碓井 私を含めて、つくる側は自らがコンシューマなので、自分たちが欲しいものを搭載すれば、コンシューマは喜んでくれる。だけど、ビジネスや産業分野になるとそうはいかない。自社ではレーザープリンタの開発・販売で培った経験と知識があるにしても、ニーズをしっかりつかんでいるかといえば弱い。つかんでいるようでつかんでいません。多様な業種・業態をもつ顧客の、プリントニーズを熟知しているような企業と組んで、一緒にやらないといけないと思っています。今年4月のノーリツ鋼機さんとの協業はその良い例です。さまざまな顧客の業務にあったプリンタをニーズを知ったうえで提供します。
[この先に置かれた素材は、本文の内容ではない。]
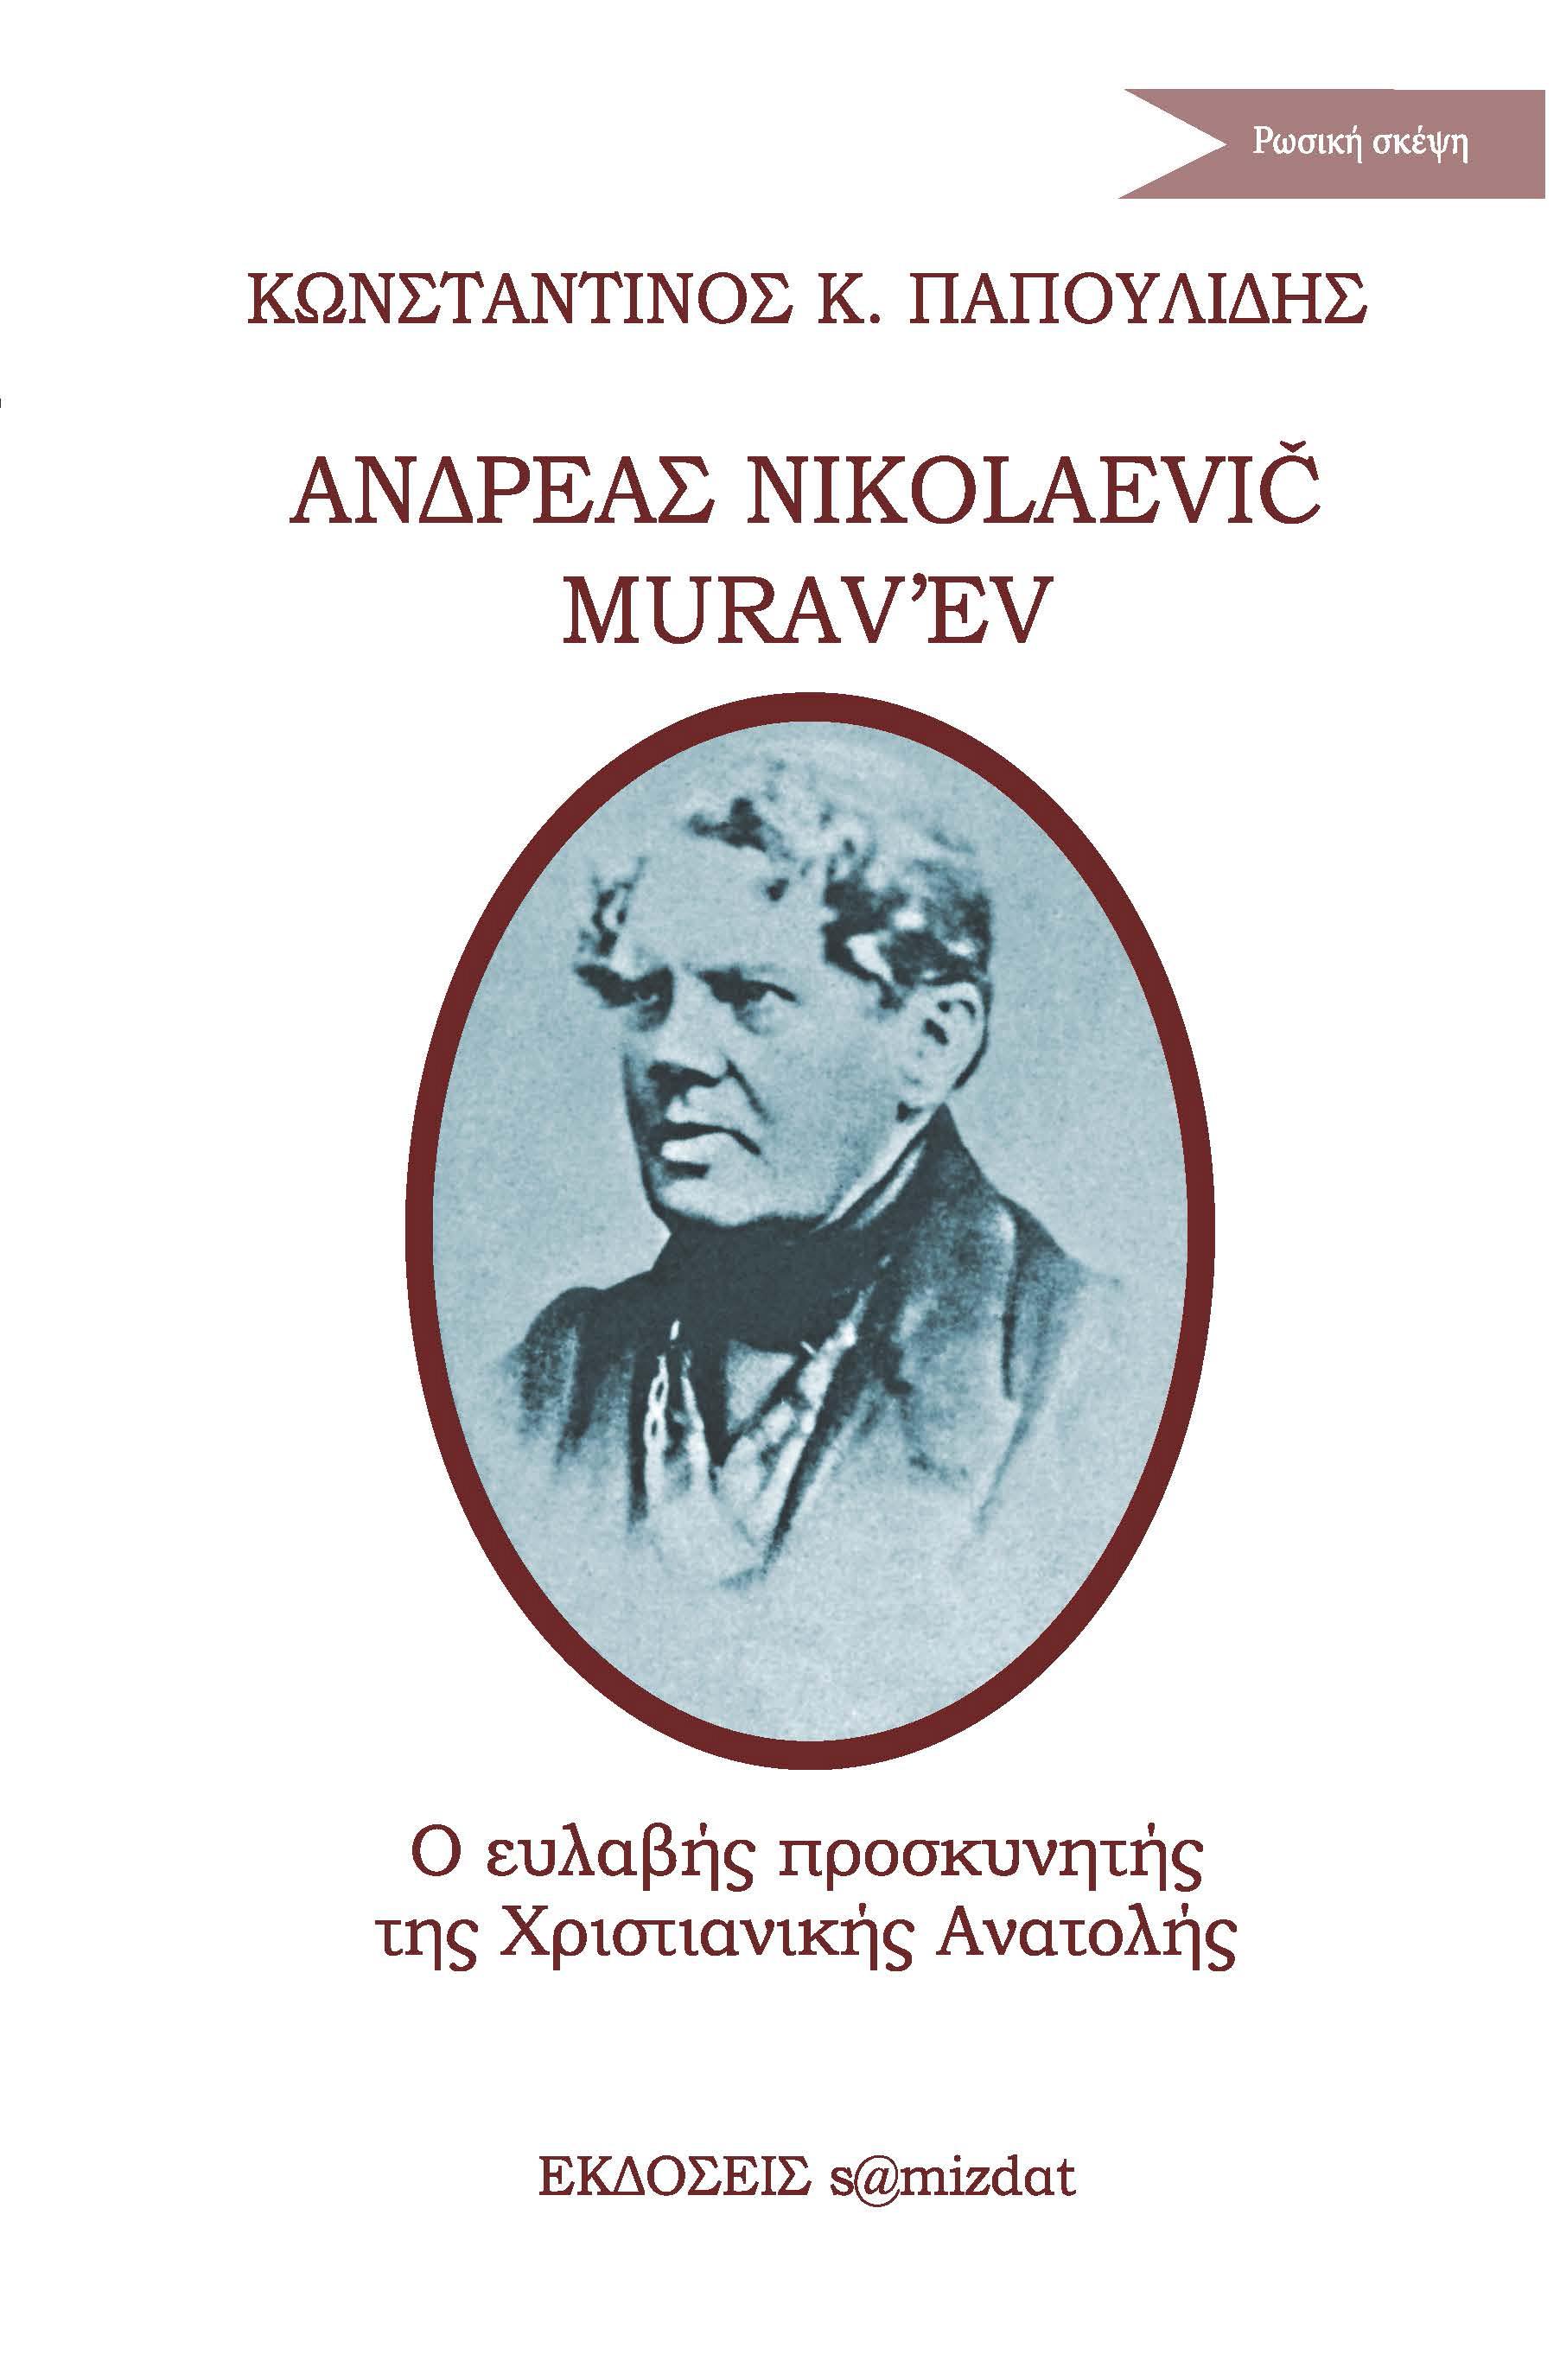 Κωνσταντίνου Κ. Παπουλίδη  Ανδρέας Nikolaevič Murav'ev Ο ευλαβής προσκυνητής της Χριστιανικής Ανατολής

My favorite 手巻き式の腕時計。ぜんまいを一杯に巻いても数日しか動かないため、竜頭を回すのが日課になっている。面倒なように思えるが、「ねじを巻くことで愛着が湧く」とか。「電池で動く自動式では面白みがない。手間がかかる作業が、機械いじりの感覚を持たせてくれる」そうである
眼光紙背 ~取材を終えて~
中期計画の目標に到達しない現在の状況を、真摯に受け止めているような印象を受けるものの、それに引きずられているようにも見えない。低迷する理由を質問したら丁寧な答えが返ってくるが、「過去は過去。その先を見ている」と言われているようだった。
インタビューで一番熱気を帯びた話題は、インクジェットのポテンシャルだった。コンシューマ向け製品で培った技術を、法人市場でも横展開できるという絶対の自信をもっているのだろう。
記者は、現会長の花岡氏が社長に就任した際にもインタビューしている。その時の取材メモを読み返すと、「先取り」という言葉が多いことに気がついた。碓井社長は、「今後を表すキャッチフレーズは?」との問いに「究めて極める」と答えた。言葉こそ違うものの、独創性ある商品作りを重視する姿勢は両者に共通している。低迷を打破する魅力ある新商品はきっと出てくるはずだ。(鈎)
プロフィール
碓井 稔
(うすい みのる)1955年4月22日、長野県生まれ。79年3月、東京大学工学部卒業。同年11月、信州精器(現セイコーエプソン)入社。2002年6月、取締役。07年10月、常務取締役。08年6月25日、代表取締役社長に就任。
会社紹介
セイコーエプソンの主な事業は、(1)プリンタやプロジェクタ、PCなどの「情報関連機器」(2)半導体や水晶デバイス、小型ディスプレイの「電子デバイス」(3)時計などの精密機器の3部門。
今年度(2009年3月期)は、06年度からスタートした3か年中期経営計画「創造と挑戦1000」の最終年度。中計発表当初の業績目標は、最終年度に売上高1兆6700億円、経常利益1000億円以上だったが、苦戦を強いられている。今年度は、売上高は1兆3000億円(中計目標1兆6700億円)、経常利益が700億円(同1000億円以上)と、中計当初の計画値よりもバーを下げた計画を立てた。
グループ会社は国内外合計で109社で連結従業員数は約8万9000人(08年3月末時点)。国別の売上高(昨年度実績)比率は日本が31.8%、欧州が25.5%、アジア・オセアニア州が22.3%、米州が20.4%。